Firstly - Happy birthday!
If I am counting right, yesterday was supposed to be the 52nd. I remember the last time you had a birthday -- you were thirty-eight and you had caterers and big vases with flowers, etc. It was awesome. It was like you knew it was going to be the Last of the Titans.
Fast forward to fourteen years later, here we are. It wasn't a heavy day at work -- man, you should have seen me in November, that was ridiculous, and anything that isn't more ridiculous than that should certainly be "not heavy" in my book -- it's just one of those days.
The death news I've been receiving from friends all bring me back to you. (Two friends lost their moms to cancer just this month; how cruel is that, really? Still cruel after all these years. Dear people who are looking for the cure -- hurry.) What do you say in moments like that, really? That it gets better? (Not really -- you just get used to things, they're more right, I'm just more hopeful.) That we carry you with us eventually, that we'll never not have you since, you know, moms and daughters are inseparable? Partly true.
I have been carrying you in me all this time (all twelve years of you), but last night, faced with an incredibly adult problem, I was looking for someone to talk to, someone who'd possibly understand and tell me something like, You know, I had a similar problem once... and I couldn't find anyone and that's usually when I go back to you; calling you out from that portion of my brain is like peering into a darkened room with a soft, Mom? You there?, the mixed scent of your makeup and perfume giving you away.
(Hah remember that time I went to you about a girl? Priceless, wasn't that.)
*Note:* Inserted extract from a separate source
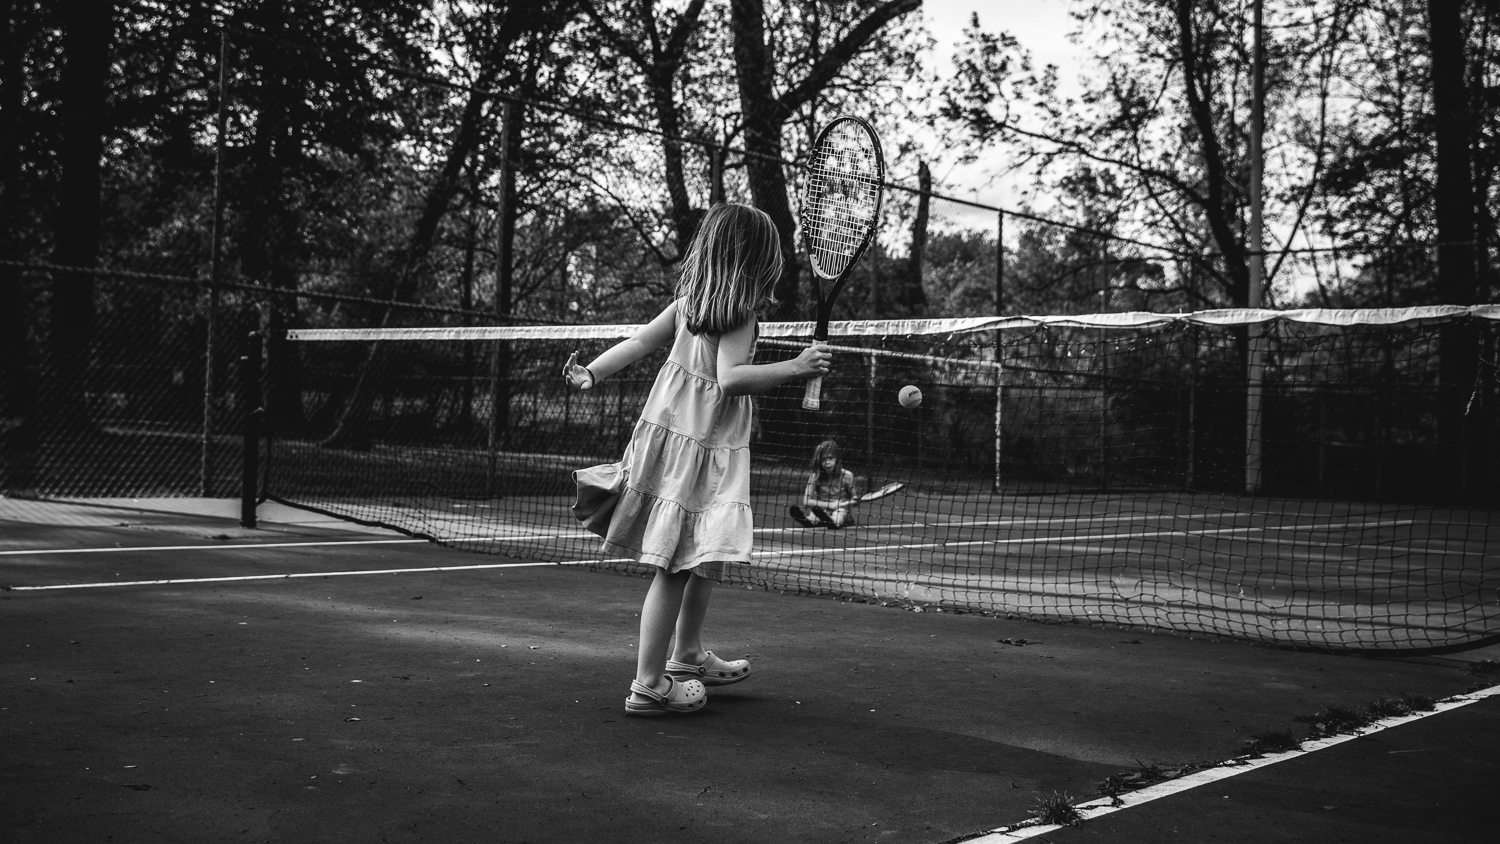 rebecca_wyatt_tennis_girls-2.jpg

But last night -- I don't know if I just wasn't listening closely enough, or if I was just distracted by my ridiculous television shows. I don't know if it's time to admit that we just weren't together long enough for you to have input in these kinds of problems. I mean, we never really talked shop about your work; we never got to that part where you tell me about being a good person post-graduation.
(Apart from punctuality -- your last words were: Pumasok ka na, para di ka ma-late. I had gone back to say a brief goodbye that morning before going to school. It was already past six. You were nursing a fever. That was the last time I saw you. The next thing I knew you're already in the hospital. And the next thing I knew after that. Well. That's it. That's all.)
(Mom, how do you do these things? People are really, really baffling and sometimes, it makes me sad. It makes me crazy, the things I can't talk about.)
I can almost hear you say: Oh remember when you were younger and your problems were younger and all that made you happy were those little victories in those quiz bees -- remember those?
Oh yeah, of course. And in equal measure, all the small losses meant the end of the world. I cried a lot, didn't I? Because I lost a lot.
And I'd be in the audience taking notes. So later you'd know what you got wrong.
This still makes me laugh, sometimes, all those notes she'd written behind all those invitations -- she used to copy every single question, and take note of every single question I got wrong -- mostly misspelled words, since that was usually my thing. Afterwards, I'd look at her list and think, OF COURSE THAT WORD IS SPELLED THAT WAY.
(Mom I hope you're still taking notes. I'm too close and I keep missing all the important details.)
You got to write it all down. Last year I probably remember more, and next year, I will probably remember less. How much of the you in my head is purely true, how much of it have I made up as I went along for survival's sake, how much of it is really me after all, just getting older?
I wish I knew, I wish I knew, I wish I knew.